Well, we are going to encounter a symbol now, and we don’t cater for them. Add the case:
Some ferreting around makes me think that my test for instance isn’t working. Here’s what I have:
function LISP:eval(x)
print("eval ", x)
if self:isInstance(x, Symbol) then
print("all symbols are abs")
return math.abs
elseif type(x) == 'number' then
print("number ", x)
return x
else
print("proc ", x, x[1])
local proc = self:eval(x[1])
local a = table.remove(x,1)
local args = {}
for i,a in ipairs(a) do
table.insert(args,a)
end
print("calling ", proc)
local ret = proc(args)
print("returning ", ret)
return ret
end
end
function LISP:isInstance(x, t)
if t==Symbol then
return type(x)==table and x.is_a and x:is_a(Symbol)
end
return false
end
What I’m seeing never includes “all symbols are abs”. A quick test of isInstance tells me that it isn’t working. Right. Should be:
function LISP:isInstance(x, t)
if t==Symbol then
return type(x)=='table' and x.is_a and x:is_a(Symbol)
end
return false
end
The type function returns a string. I forget that almost every time.

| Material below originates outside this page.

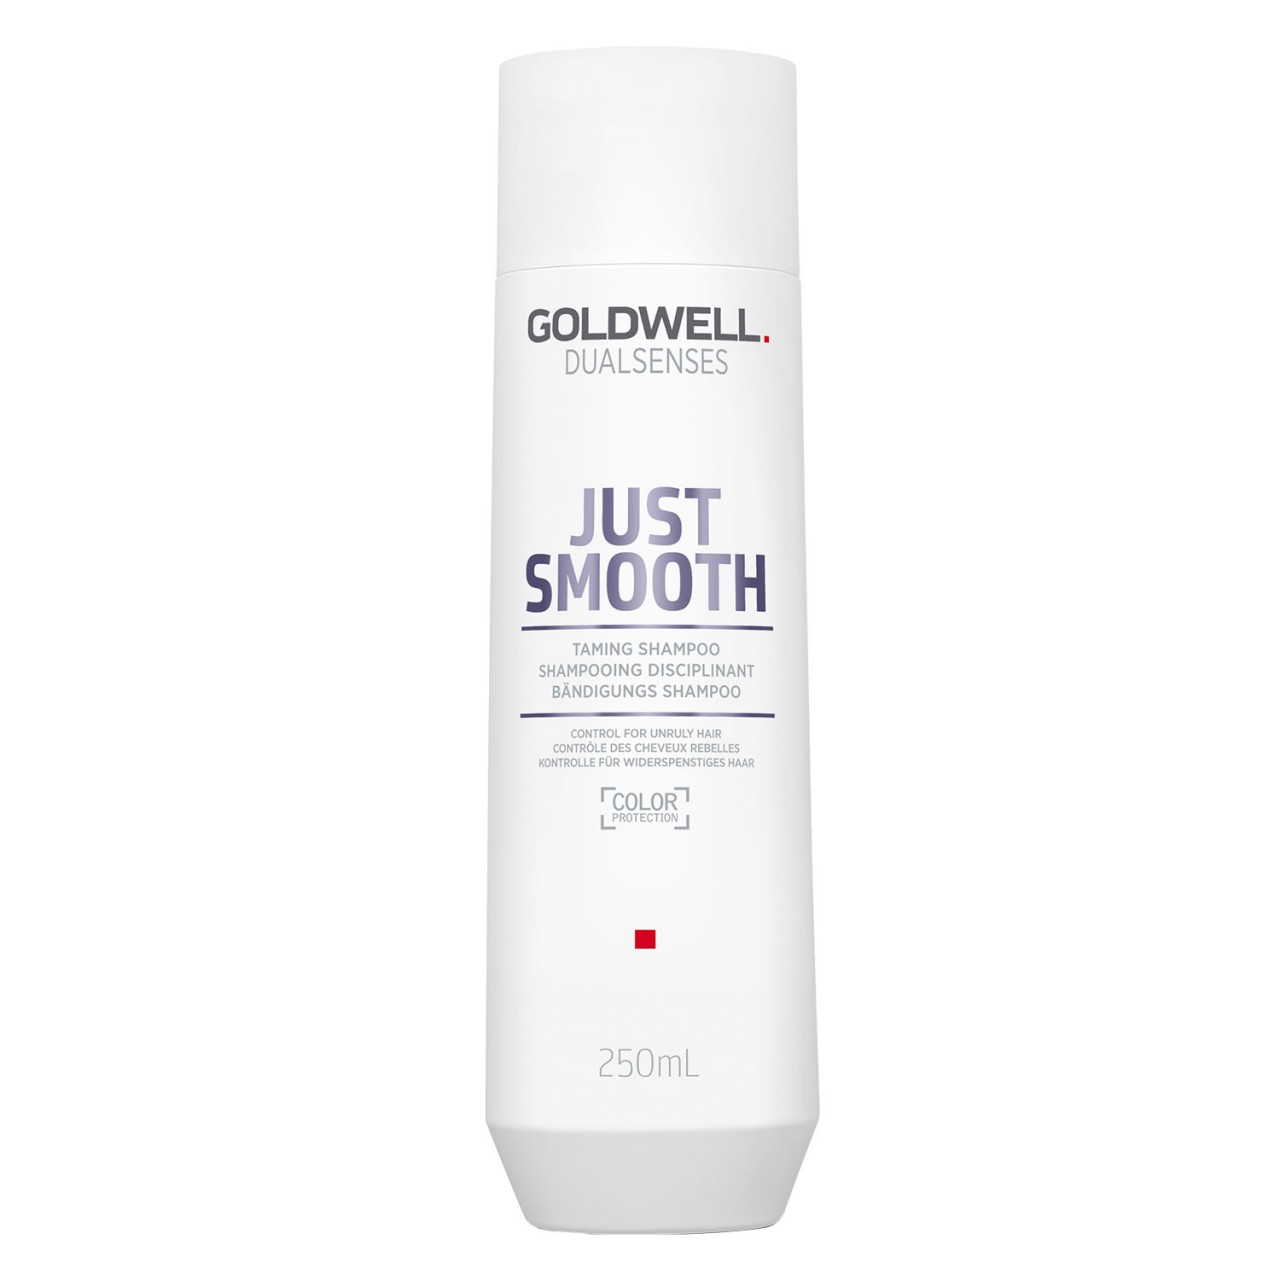 Dualsenses Just Smooth - Taming Shampoo von Goldwell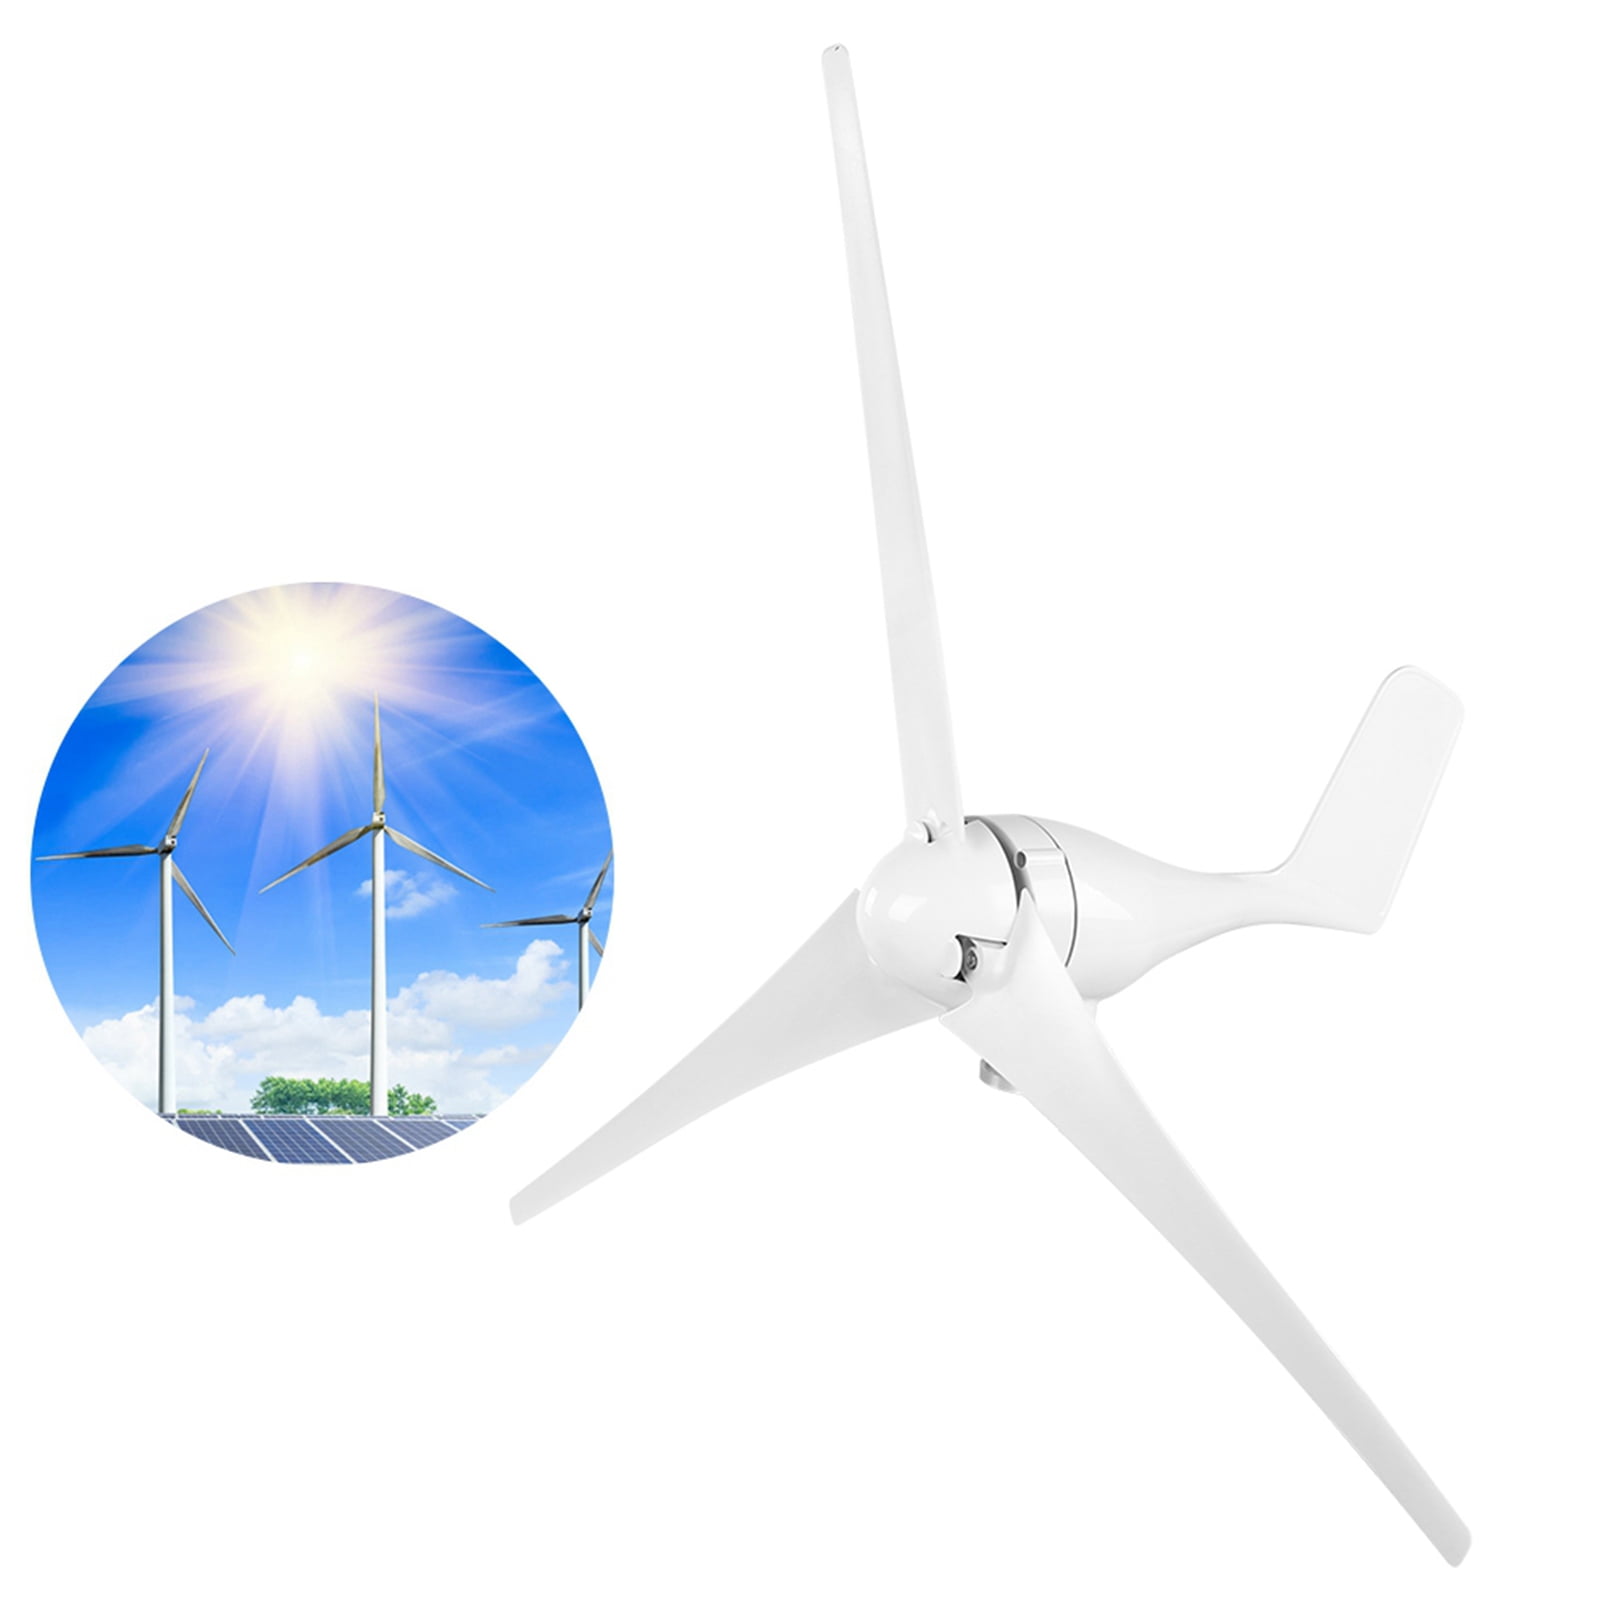 Til meditation Berri mikroskopisk Fyydes 1600W Small Wind Generator Turbines Kit 3 Blades Power Parts for  Marine Home Charging,Wind Power Parts,1600W Wind Generator - Walmart.com

Now let me look at my trace. I hate doing that but I don’t quite see how to avoid it.
eval table: 0x2828e8940
proc table: 0x2828e8940 Symbol abs
eval Symbol abs
all symbols are abs
calling function: 0x102064d50
6: eval -- LISPCalc:66: bad argument #1 to 'proc' (number expected, got table)

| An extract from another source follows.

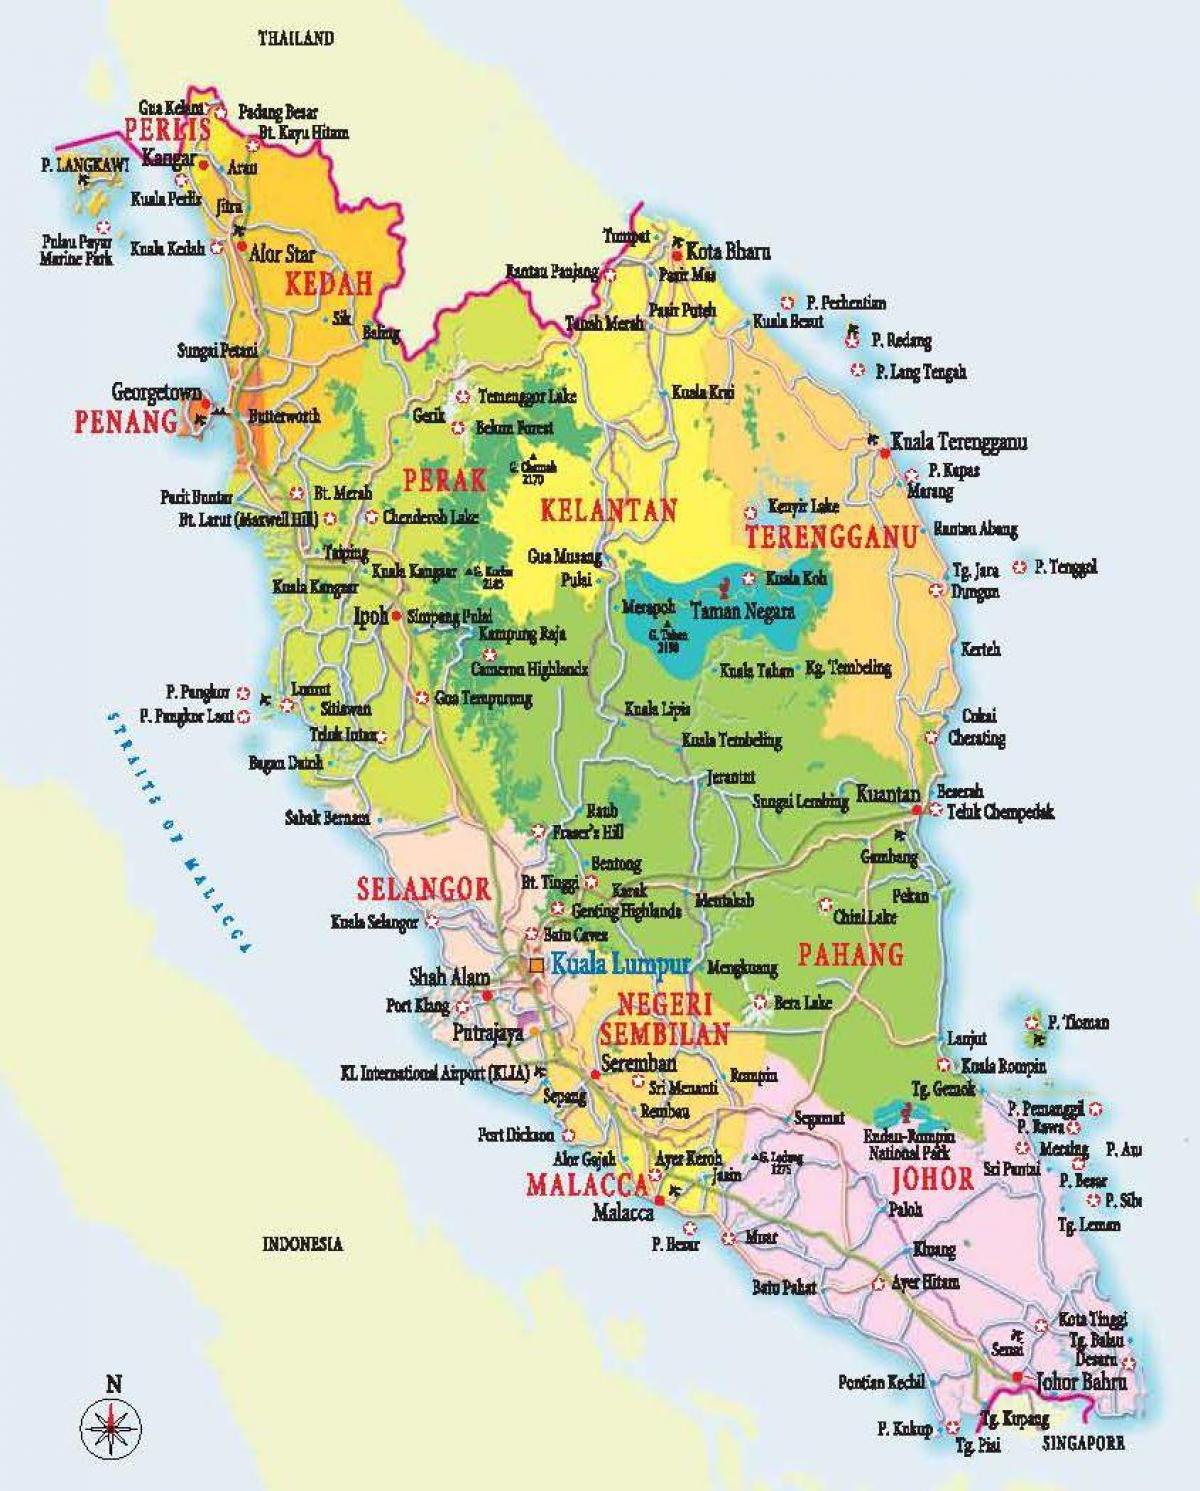 kort over det vestlige malaysia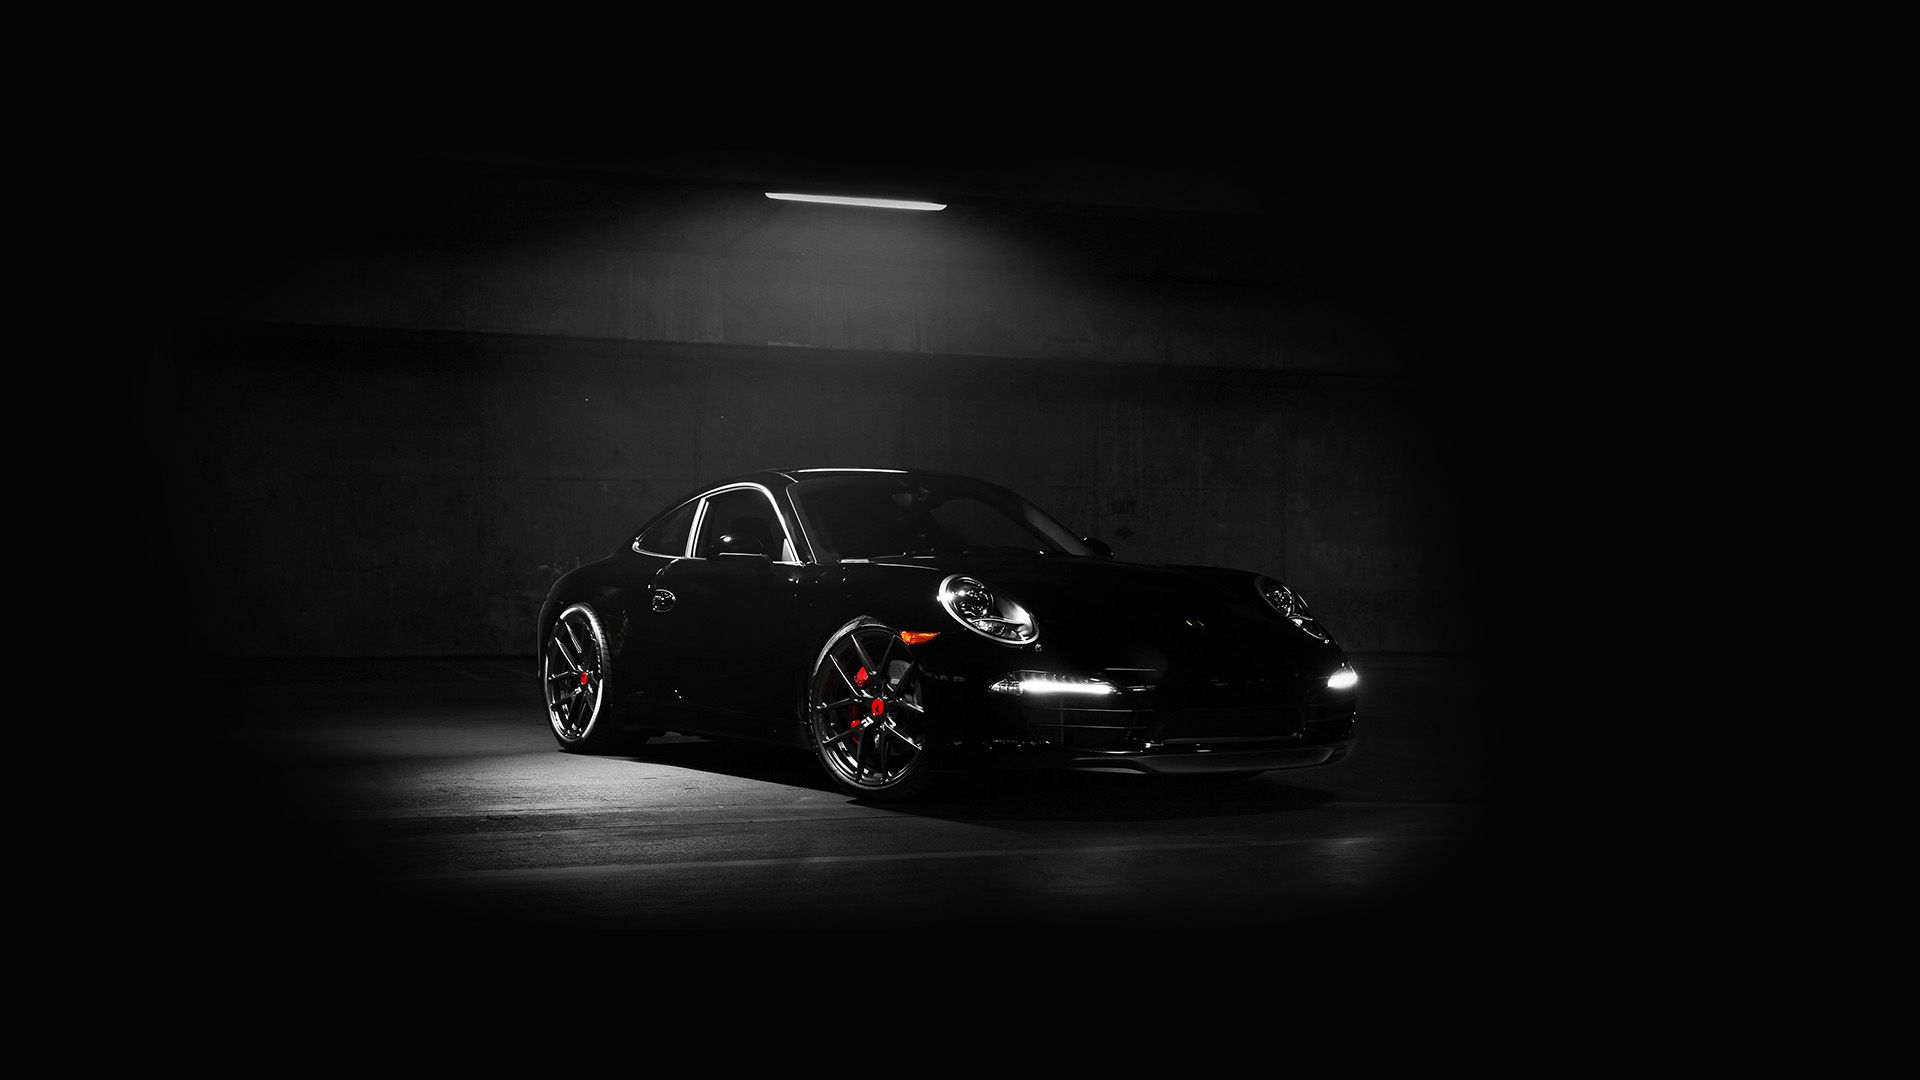 Porsche Illustration Art Super Car Black Dark Wallpaper

This is true. I’m calling proc, which is math.abs, passing the table of args. Need to unpack them, I think.
But also we need to evaluate the args, don’t we? Yes.
I’ll fix that up:
Ah. My bug is in this line:
local a = table.remove(x,1)
Again I’m expecting that to return a table, but in fact it modifies the table in place.
I need to do the loop explicitly. The test runs. Let me rip out all the prints and see what I’ve got here.
function LISP:eval(x)
if self:isInstance(x, Symbol) then
return math.abs
elseif type(x) == 'number' then
return x
else
local proc = self:eval(x[1])
local args = {}
for i = 2,#x do
local item = self:eval(x[i])
table.insert(args,item)
end
local ret = proc(table.unpack(args))
return ret
end
end
I’m really glad that I decided to do the smaller step, and it still wasn’t small enough. I’m going to continue to hack a bit before I try to plug in the environment. Let’s do this test:
_:test("plus", function()
local prog = "(+ 2 2)"
local parsed = LISP:parse(prog)
local result = LISP:eval(parsed)
_:expect(result).is(4)
end)
This will fail. My guess is that it’ll return 2, the absolute value of 2.
7: plus -- Actual: 2, Expected: 4
This makes me think that I almost know what I’m doing.
function LISP:eval(x)
if self:isInstance(x, Symbol) then
if x.token == "abs" then
return math.abs
elseif x.token == "+" then
return function(a,b) return a+b end
else
return print
end
elseif type(x) == 'number' then
return x
else
local proc = self:eval(x[1])
local args = {}
for i = 2,#x do
local item = self:eval(x[i])
table.insert(args,item)
end
local ret = proc(table.unpack(args))
return ret
end
end
The test passes. Note that I don’t know for sure how to pass the actual + function, though I have an idea about it. Also note that I returned print if I don’t know the function. Let’s test that.
_:test("plus", function()
local prog = "(+ 2 2)"
local parsed = LISP:parse(prog)
local result = LISP:eval(parsed)
_:expect(result).is(4)
prog = "(foo (+ 3 2))"
LISP:eval(LISP:parse(prog))
end)
That does in fact print 5, because all unrecognized symbols are assumed to be the print function.
Commit: eval (+ 2 2)
OK, I’m about two hours in and it’s time to sum up.
Summary
That was more chaotic than I’d have liked, with the result that I didn’t get as far as I feel I “should” have. However, I do not “should” all over myself, so it is what it is.
What it is is that transliterating with limited understanding can lead to trouble, especially when the transliteration isn’t direct. We tend to make mistakes and because we don’t really understand what we’re doing, we don’t see quickly what we’ve done wrong.
Note also that I made a mistake that I’ve made recently, the assumption that
anArray = table.remove(anArray,1)
updates the array by removing the first element. It does not. It sets the variable to the first element, after updating the array in place.
I went to the trouble of unwinding the array by index, from 2 on, although it might be OK to modify the array in place. I’m not sure … because I don’t fully understand what’s going on.
I almost understand. I’ve used Lisp, I’ve read a bunch recently to refresh my memory, and I certainly understand the general idea of this kind of interpreter. In fact, I just wrote one for the XST code a few days ago. But I don’t grok it in fullness, and I think one really needs to when one does this stuff.
Python is very much like Lua, except where it isn’t. Details like the array handling and whatever help it is giving with the types are just different enough to give me trouble, while I understand what each side is probably doing.
I recall that when students in the German class I took would try to do translation on the fly, they’d tend to get tenses wrong, or not quite the right word, The same thing is happening here.
What will I do next time? More Scheming, and I’ll make a point of thinking a bit more deeply as I do it.
See you then!